The special linear group $\text{PSL(2,$\mathbb{F}$) }$ over the finite field $\mathbb{F}$ acts on the projective line $\mathbb{F}\cup \{\infty \}$ by the way
$$ \text{z $\to $ }\frac{a\cdot z+b}{c\cdot z+d} $$
However, how to know if this transformation belongs to $\text{PSL(2,$\mathbb{F}$)}$ in the case $-\mathbf{1}$ is a square in $\mathbb{F}$?

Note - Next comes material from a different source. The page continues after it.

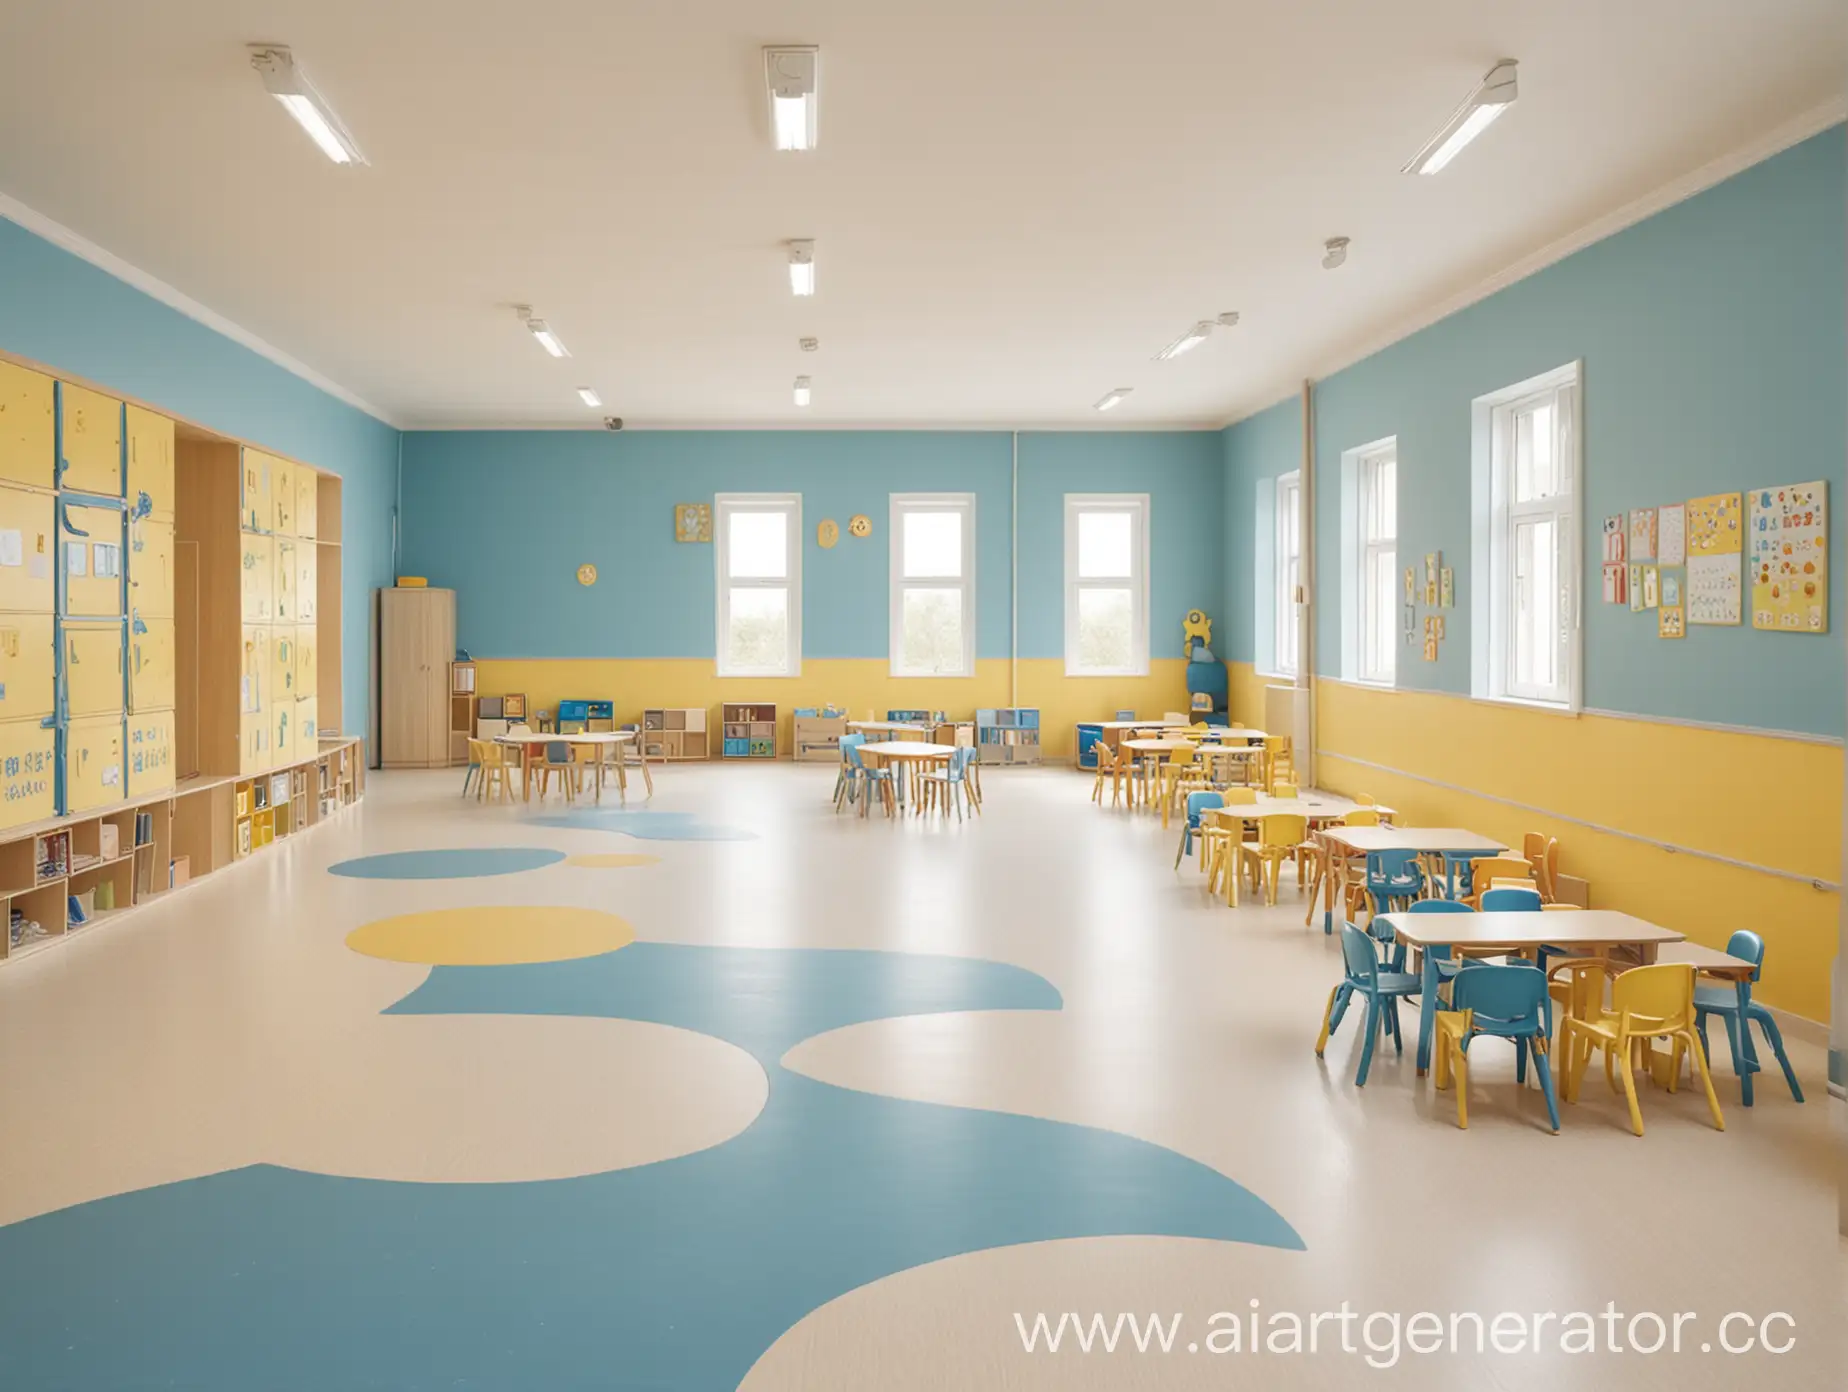 Интерьер детского сада в бежевых, голубых, желтых тонах. Большое помещение
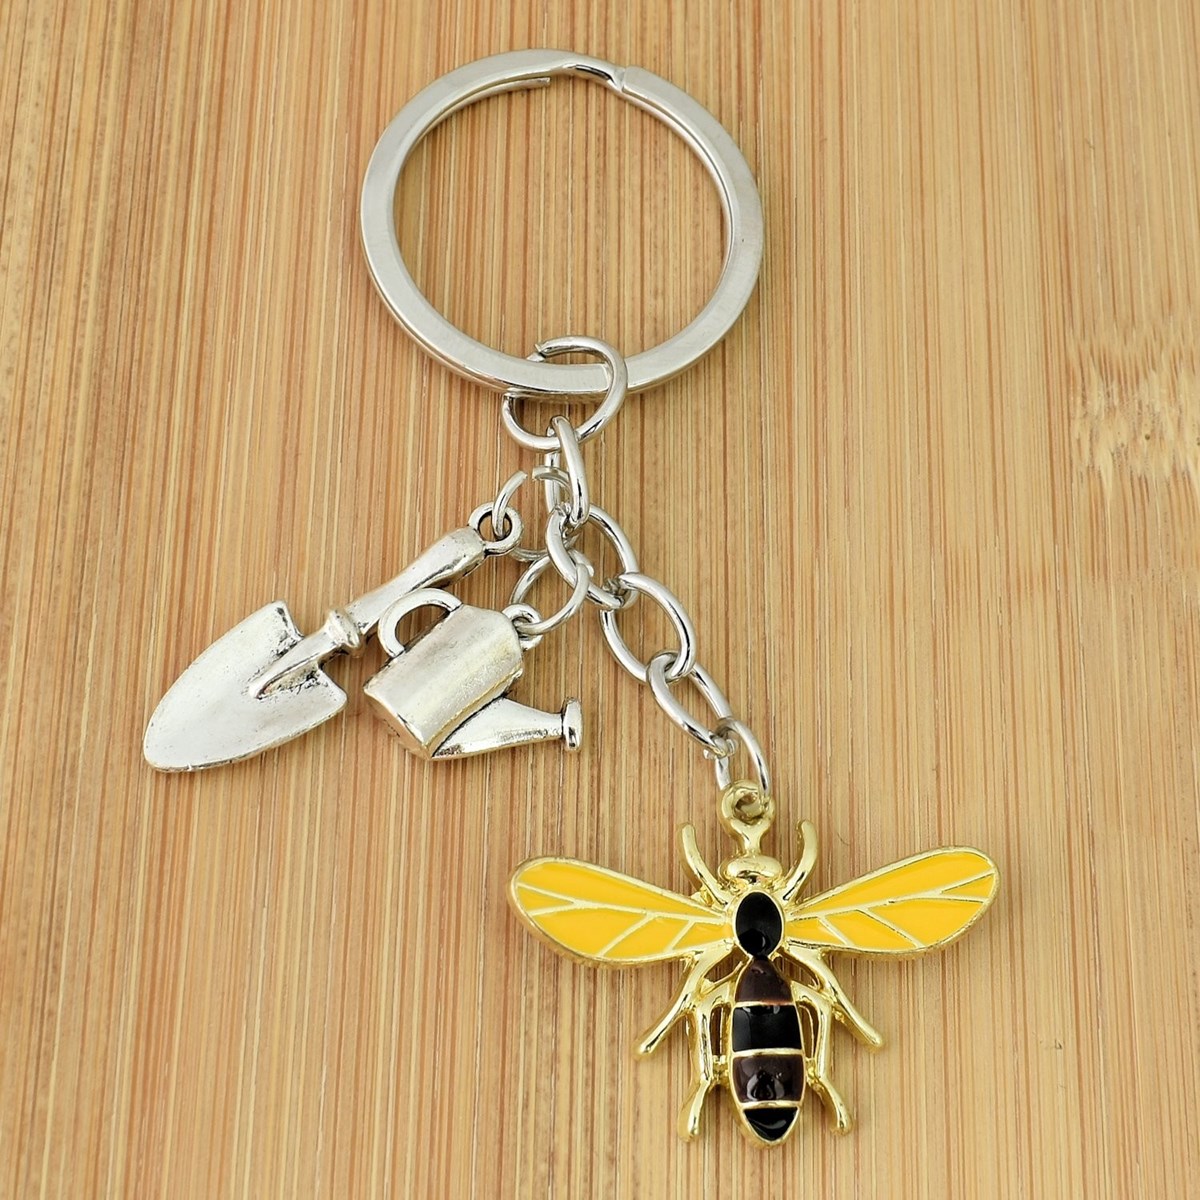 Porte-clés jardinier abeille pelle arrosoir argenté - vue 2

So, let $-\mathbf{1}=\alpha ^2$ and let, for instance, $\text{z $\to $ }\frac{1}{z}=\frac{\alpha }{\text{$\alpha $z}}$. Although it is the same transformation in both cases, the first case represent the matrix with determinant $-\mathbf{1}$, and the second with determinant $\mathbf{1}$. Does this example belong to $\text{PSL(2,$\mathbb{F}$) }$ or not?
Best Answer
It does belong to $\operatorname{PSL}(2,\mathbb F)$. The matrices $M=\begin{pmatrix}a&b\\ c&d\end{pmatrix}\in \operatorname{SL}(2,\mathbb F)$ and $\alpha M\in\operatorname{GL}(2,\mathbb F)$ induce the same element of $\operatorname{PGL}(2,\mathbb F)\geq\operatorname{PSL}(2,\mathbb F)$, and it happens to be in $\operatorname{PSL}(2,\mathbb F)$. It's enough that there is one matrix in $\operatorname{SL}(2,\mathbb F)$ which induces the given transformation. Not every matrix in $\operatorname{GL}(2,\mathbb F)$ which induces the same transformation has to be in $\operatorname{SL}(2,\mathbb F)$.